5) In light of this mixed progress fighting the virus, it's hard to see the U.S. reopening quickly, leading to a V-shaped economic recovery.
This is reflected in the latest forecast from the Congressional Budget Office: U.S. Economy Faces Long Recovery From Coronavirus Effects, Experts Say. Excerpt:
The U.S. economy could take the better part of a decade to fully recover from the coronavirus pandemic and related shutdowns, a U.S. budget agency said, as a series of surveys pointed to continuing weakness in global manufacturing.
The Congressional Budget Office, a nonpartisan legislative agency, said the sharp contraction triggered by the coronavirus caused it to mark down its 2020-30 forecast for U.S. economic output by a cumulative $7.9 trillion, or 3% of gross domestic product, relative to its January projections. GDP isn't expected to catch up to the previously forecast level until the fourth quarter of 2029, the CBO added.
The roughly $3.3 trillion in stimulus programs enacted by Congress since March will only "partially mitigate the deterioration in economic conditions," the CBO said.
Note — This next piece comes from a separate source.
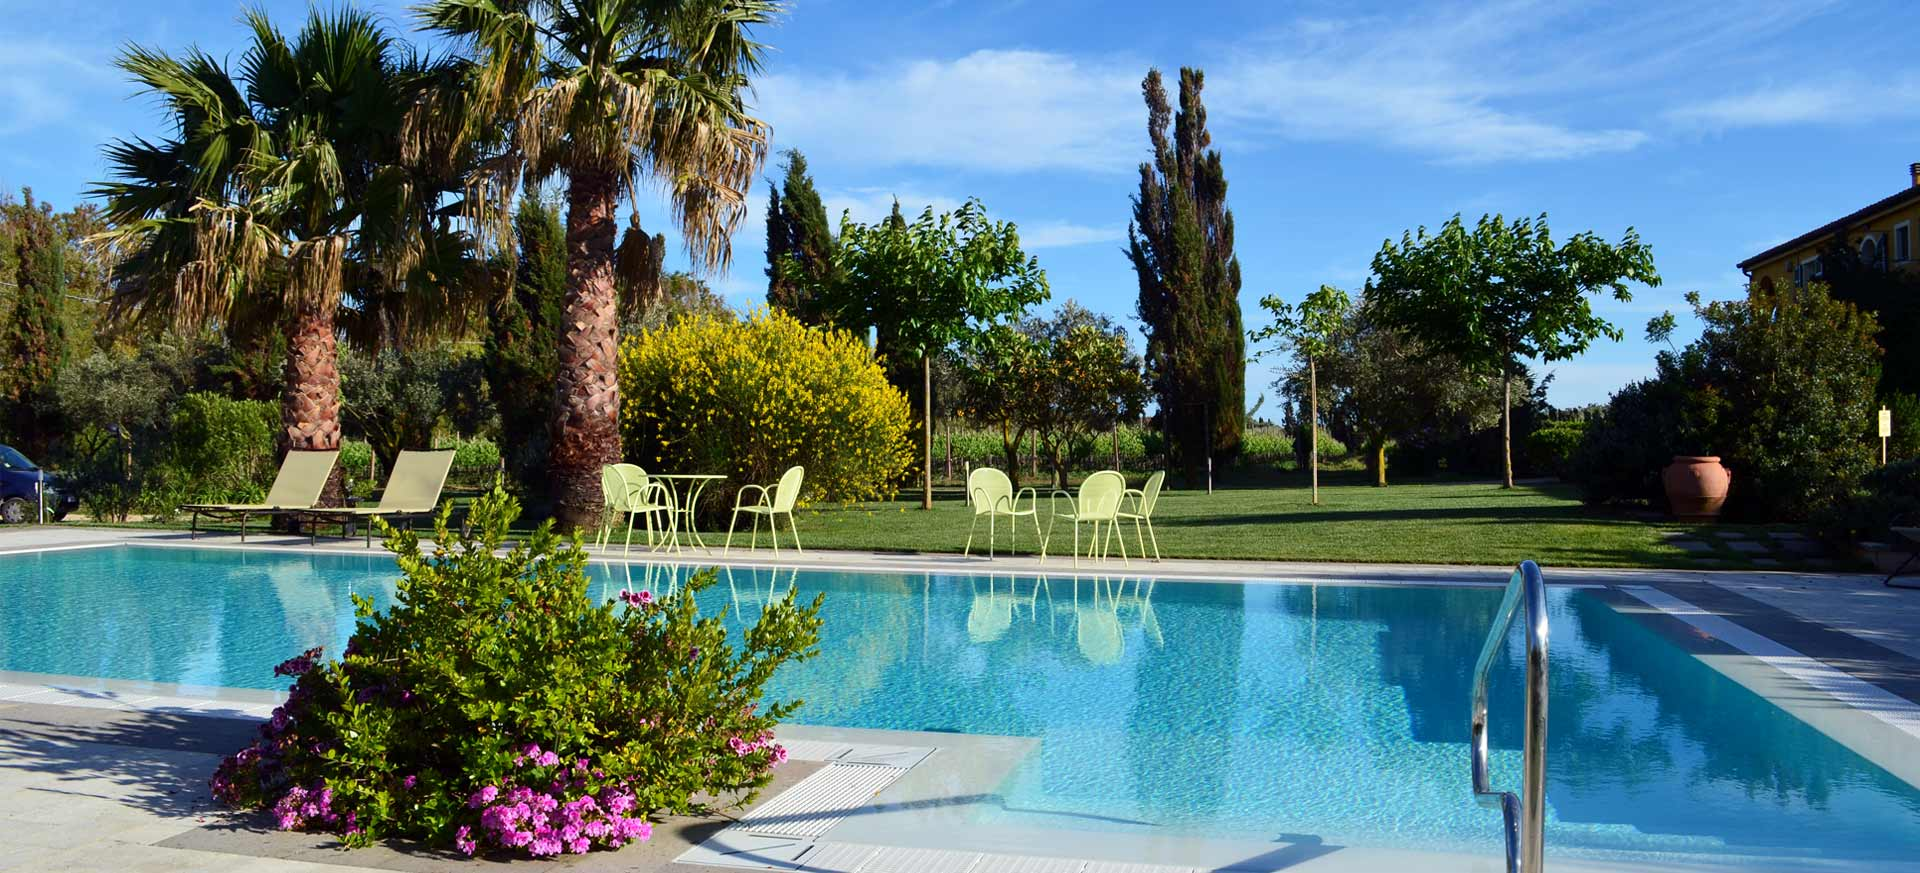 Sardinia Charming Hotels - Small luxury hotels Sardinia ...
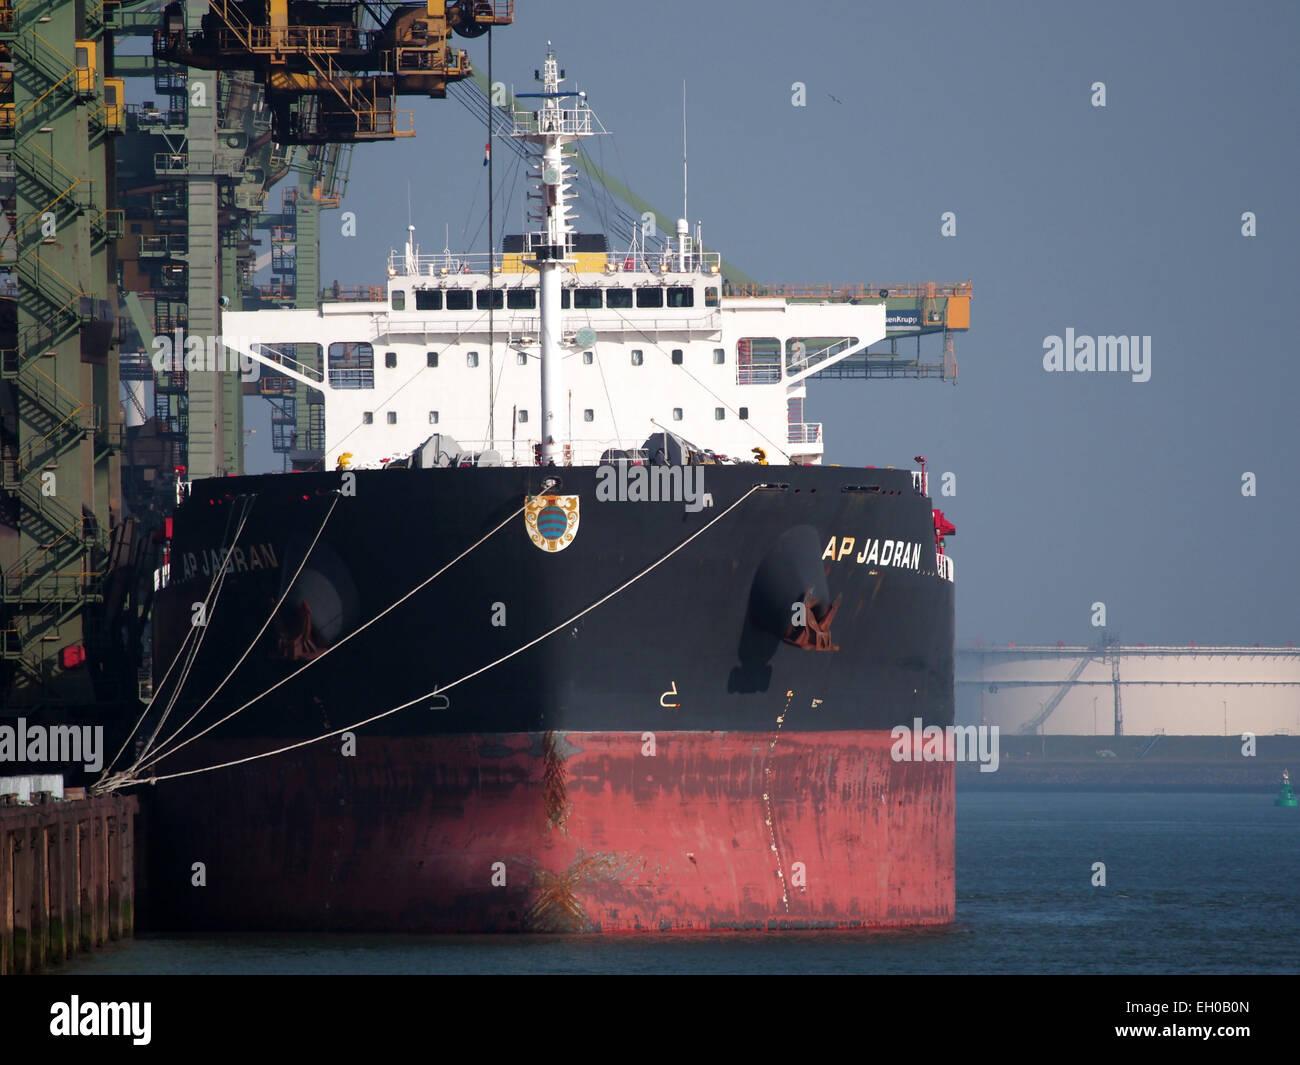 AP Jadran - IMO 9511246, Mississippihaven, Port of Rotterdam pic4 - Stock Image

"After you get the initial bounce of economic activity simply from removing the lockdowns, I think what we'll see is an economy that is running at a level of activity notably below where we were prior to COVID," said Michelle Meyer, chief U.S. economist at BofA Merrill Lynch. "It's going to take a long time to heal. There will be scars as a result of such a painful shock of the economy."
6) This in-depth look at Texas' reopening hints at a slow recovery: Texas Is Showing the World How to Reopen Cautiously. Excerpt:
A month into the reopening of one of America's biggest economic engines, Texas looks a lot like those other Houston watering holes: cautiously coming back from the shutdown. Using a variety of data measuring all kinds of activity – from dining out to how frequently people leave their homes – a picture of the Lone Star State emerges that raises doubts about the pace of the economic recovery. For months, the big question has been how quickly Americans will bounce back. Looking at Texas, the answer is that it's going to be a while.
7) In summary, this opinion piece by Bloomberg's John Authers captures my views right now: Stocks' Extreme Disconnect Demands a Perfect V. Excerpt:
This market isn't quite as utterly crazy as it might look at first. But it is priced for perfection amid conditions of extreme uncertainty, and risks are almost all to the downside. The most likely way for this disconnect to be resolved is by share prices falling again. Let us all hope that it is resolved by a swifter recovery from the lockdown conditions and in the economy, than anyone now thinks possible, ideally coupled with a historic resolution of America's deep problem of racial injustice. The latter alternative looks less likely.
I'm hoping for the best-case scenario in the near term – and, long term, I remain bullish on the U.S. – which is why 65% of my savings are invested in mostly blue-chip U.S. stocks right now. But that also means I'm holding 35% in cash, ready to put to work if markets take another tumble.